• **Brief**: Print word for word whatever lies between the first line of the material and the line holding "L'été sur les", both included, and omit all pictures.

• **Data block**:
Start of Block

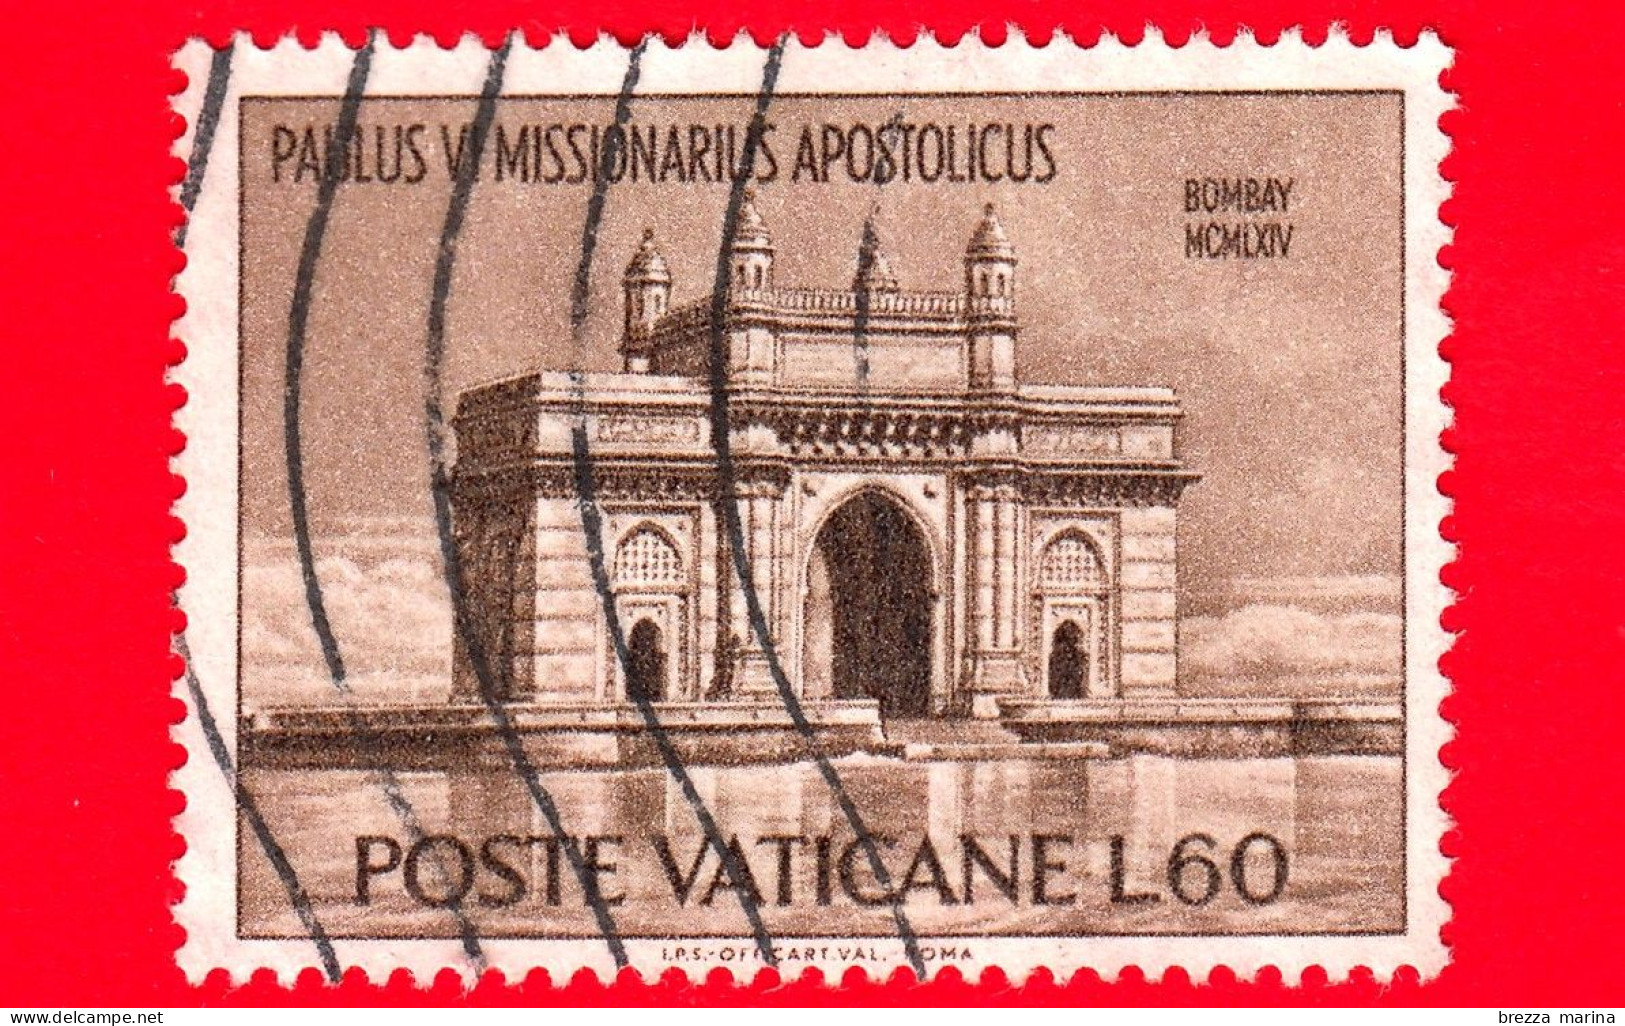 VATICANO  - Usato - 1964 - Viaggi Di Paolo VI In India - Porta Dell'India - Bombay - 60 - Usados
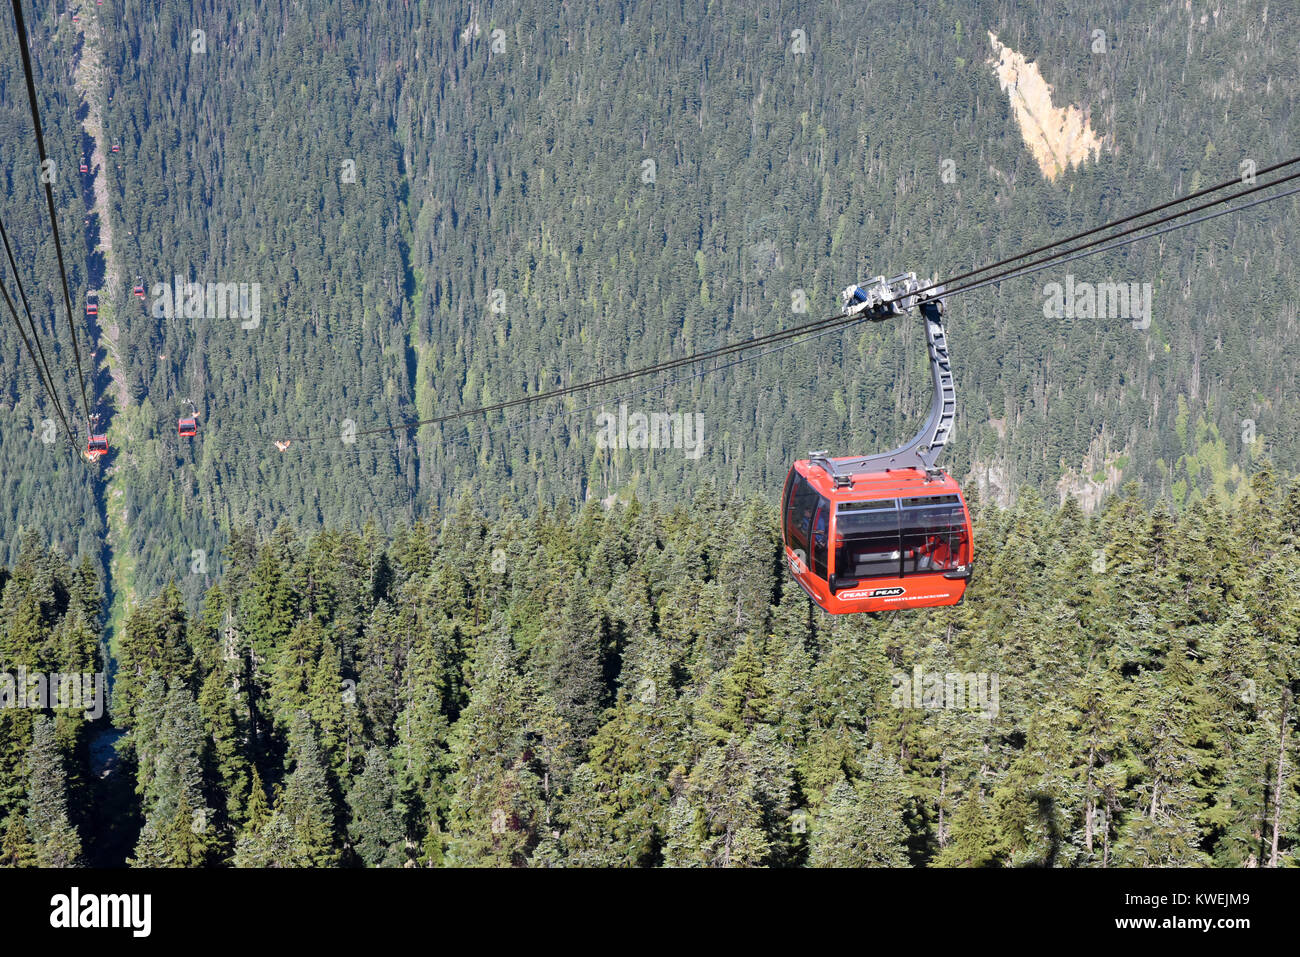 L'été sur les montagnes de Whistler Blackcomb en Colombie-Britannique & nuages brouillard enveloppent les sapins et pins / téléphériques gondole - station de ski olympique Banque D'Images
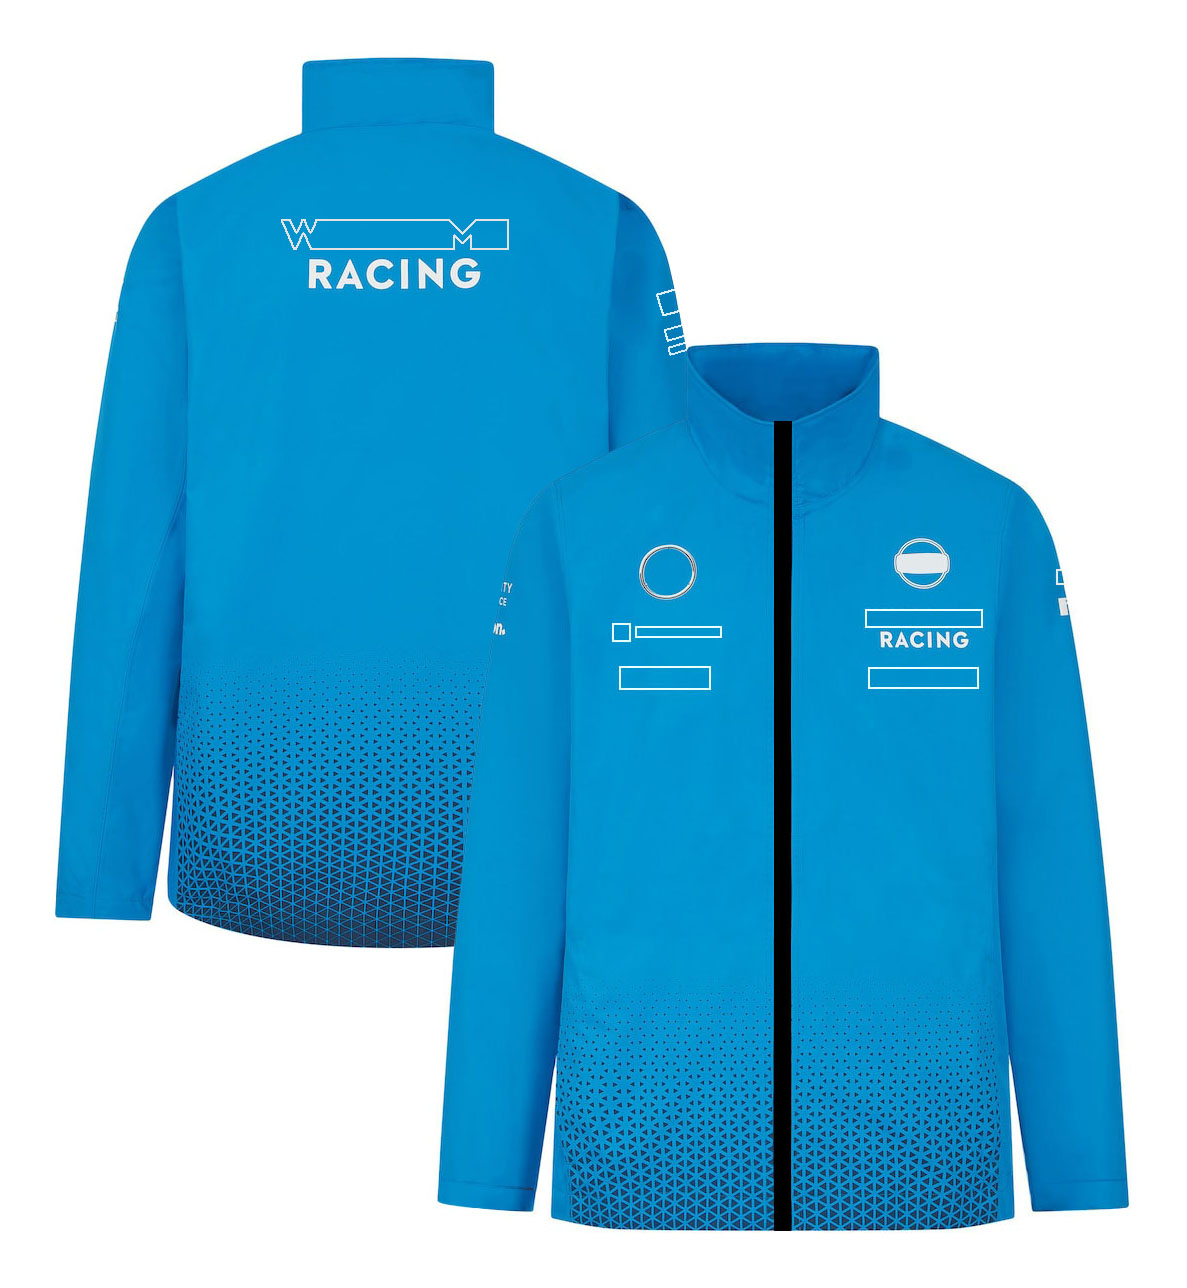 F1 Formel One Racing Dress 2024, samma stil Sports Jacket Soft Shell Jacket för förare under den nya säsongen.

End of Block

• **Answer box**:
 VATICANO  - Usato - 1964 - Viaggi Di Paolo VI In India - Porta Dell'India - Bombay - 60 - Usados
 L'été sur les montagnes de Whistler Blackcomb en Colombie-Britannique & nuages brouillard enveloppent les sapins et pins / téléphériques gondole - station de ski olympique Banque D'Images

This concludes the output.